▶ TASK TO COMPLETE
From the line containing "Мотокрос пам'яті С.П. Корольова" down to the last line of the material, output each line exactly as it appears, excluding pictures.

(MATERIAL PROVIDED)

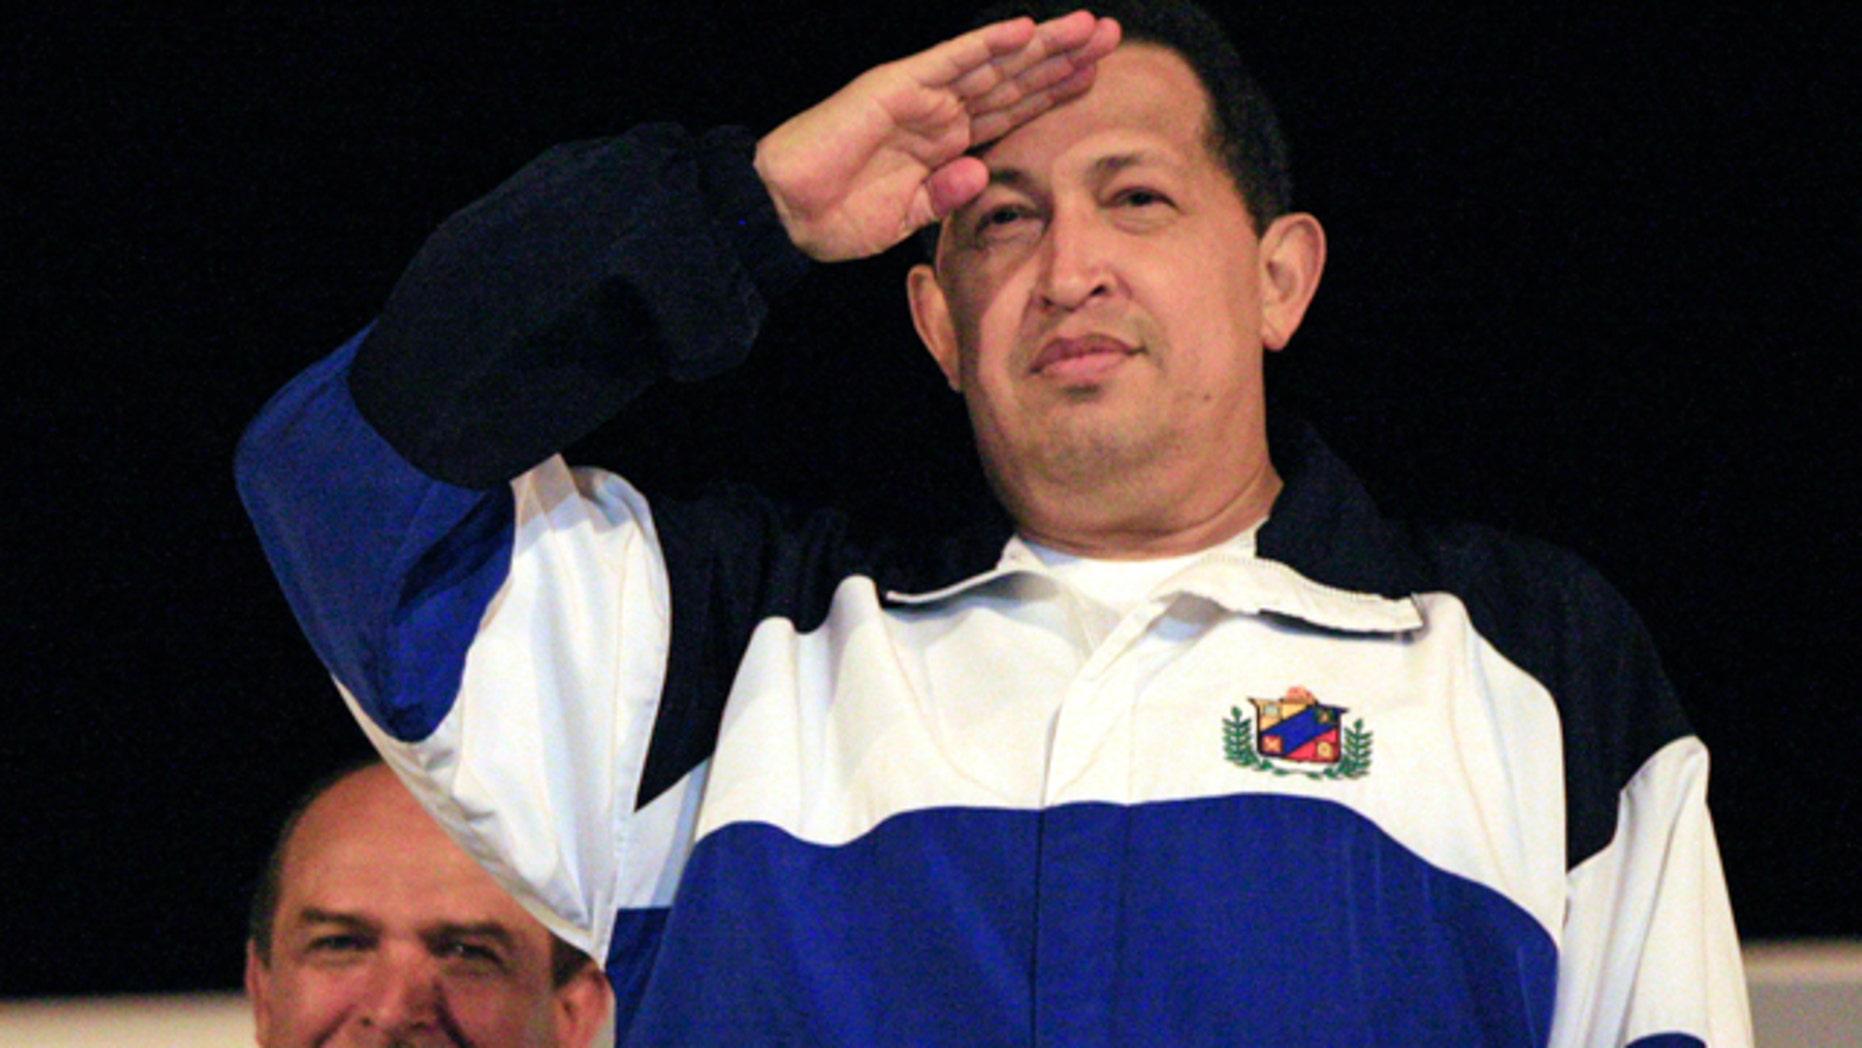 July 4: President Hugo Chavez salutes before his departure to Venezuela from the Jose Marti International Airport in Havana, Cuba.
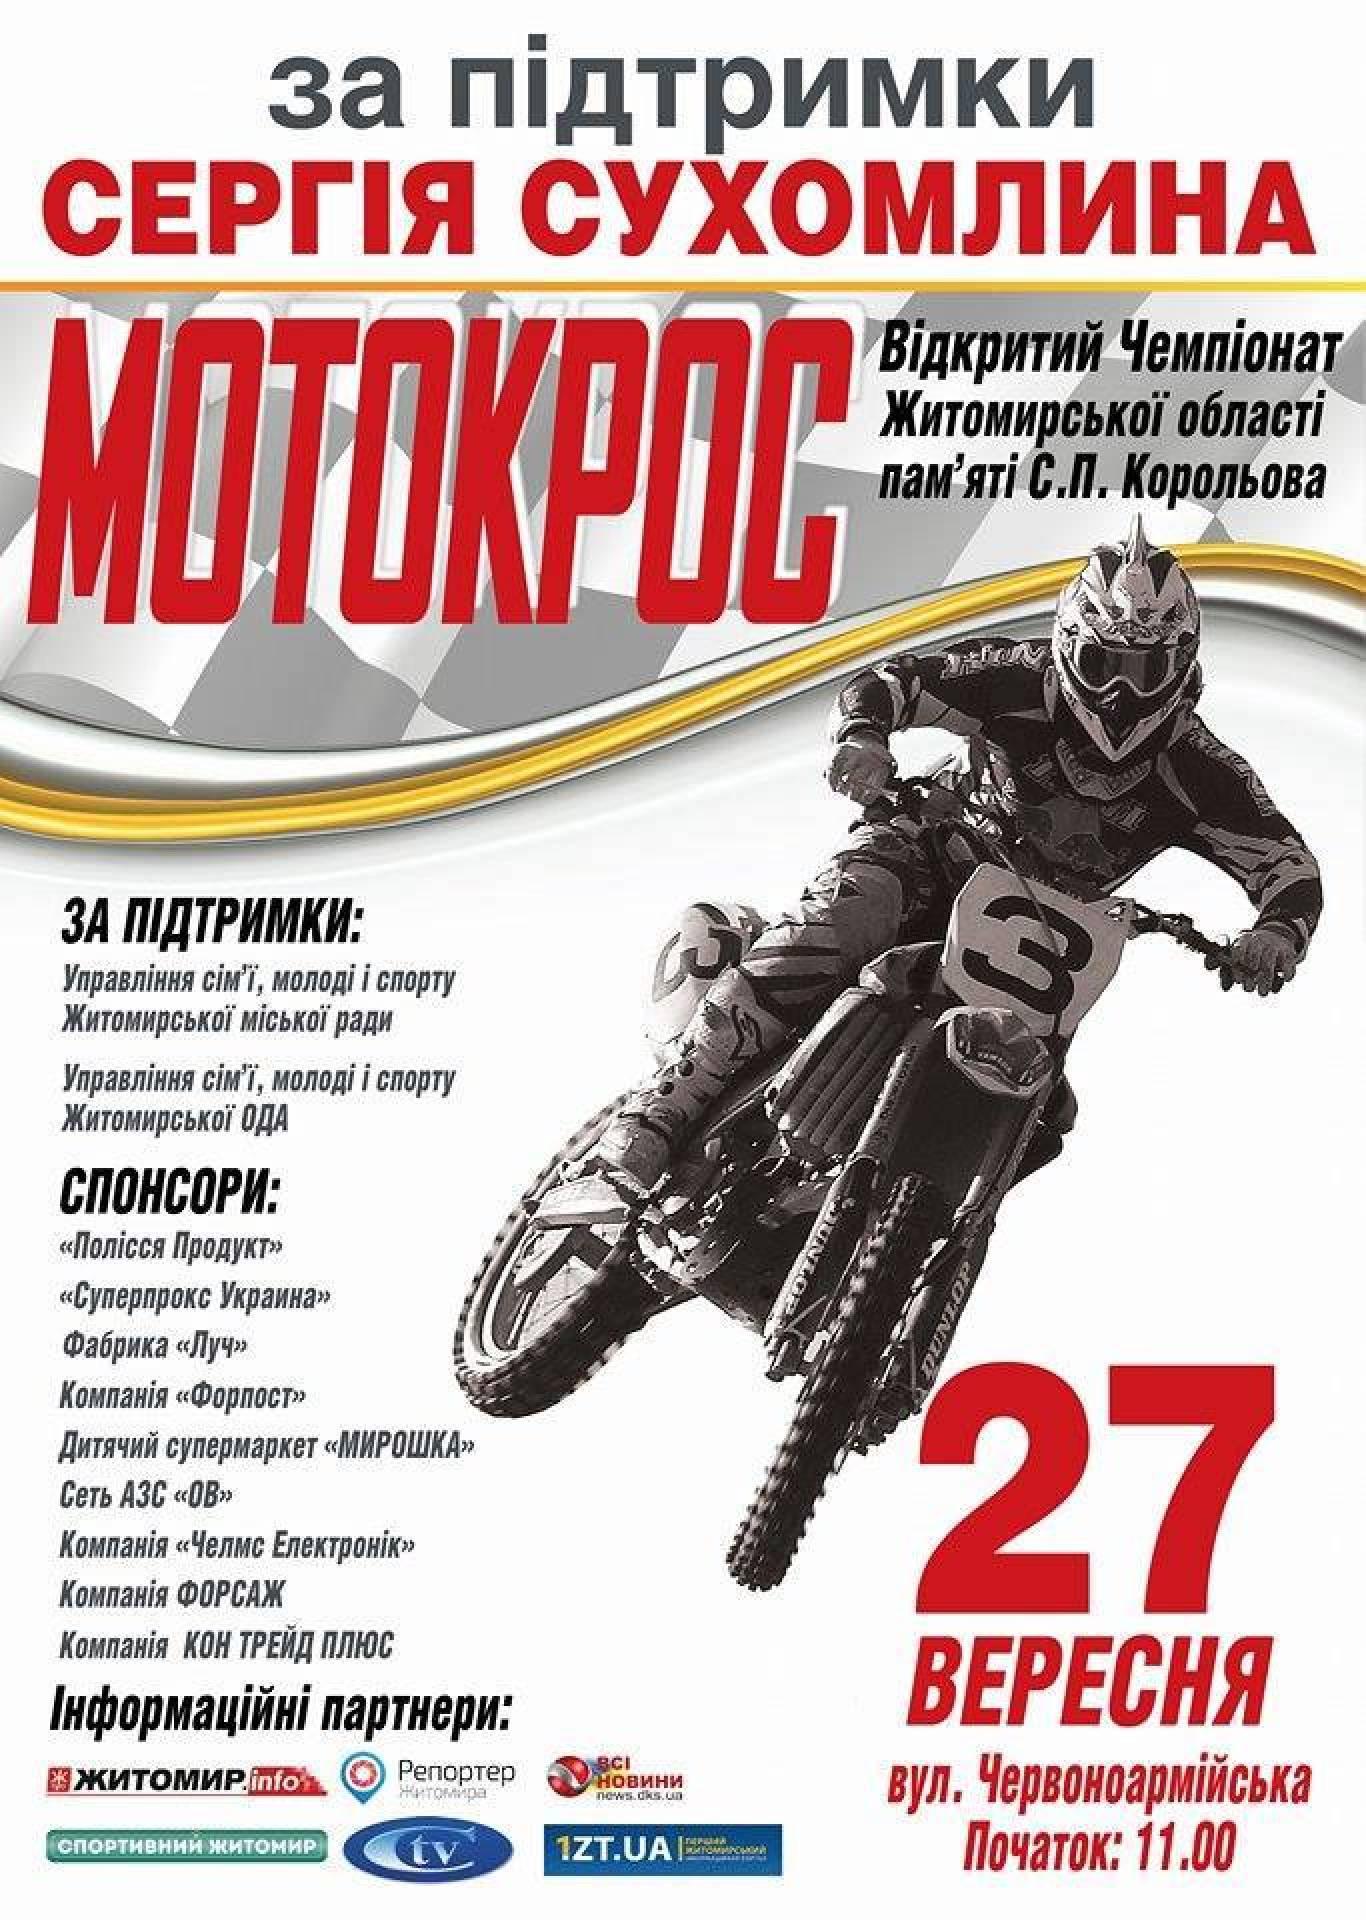 Мотокрос пам'яті С.П. Корольова
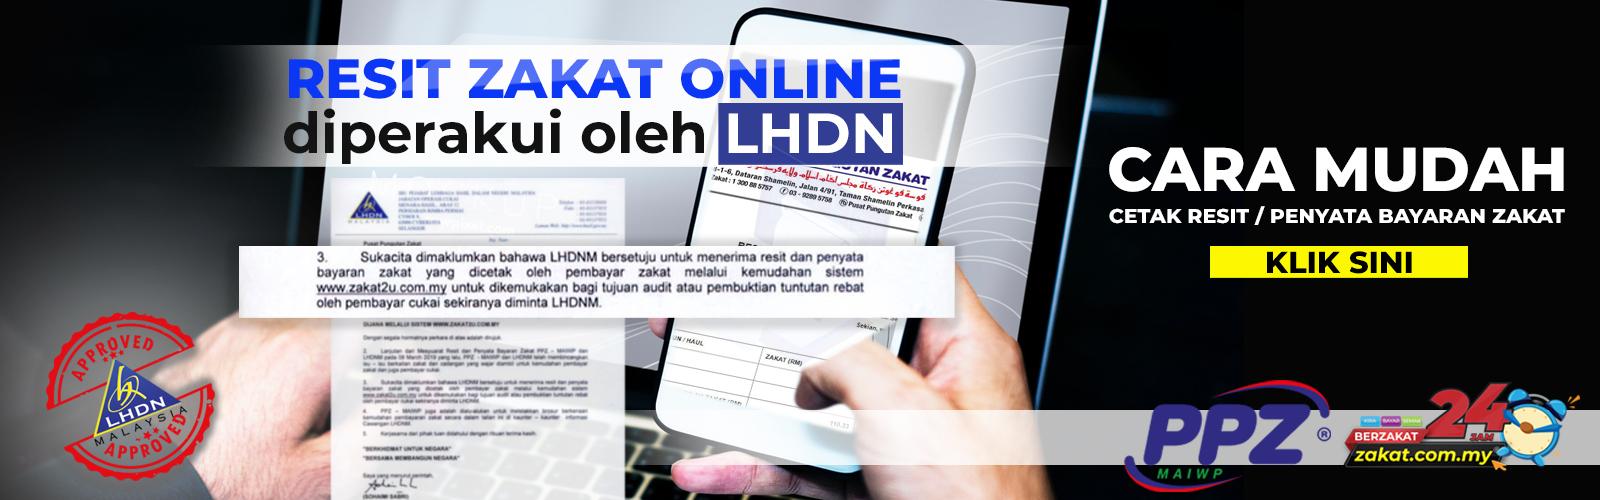 "Search Results for ""zakat fitrah "" – Pusat Pungutan Zakat-MAIWP"

(End MATERIAL PROVIDED)

▶ SOLUTION TO THIS EXERCISE
 Мотокрос пам'яті С.П. Корольова
 "Search Results for ""zakat fitrah "" – Pusat Pungutan Zakat-MAIWP"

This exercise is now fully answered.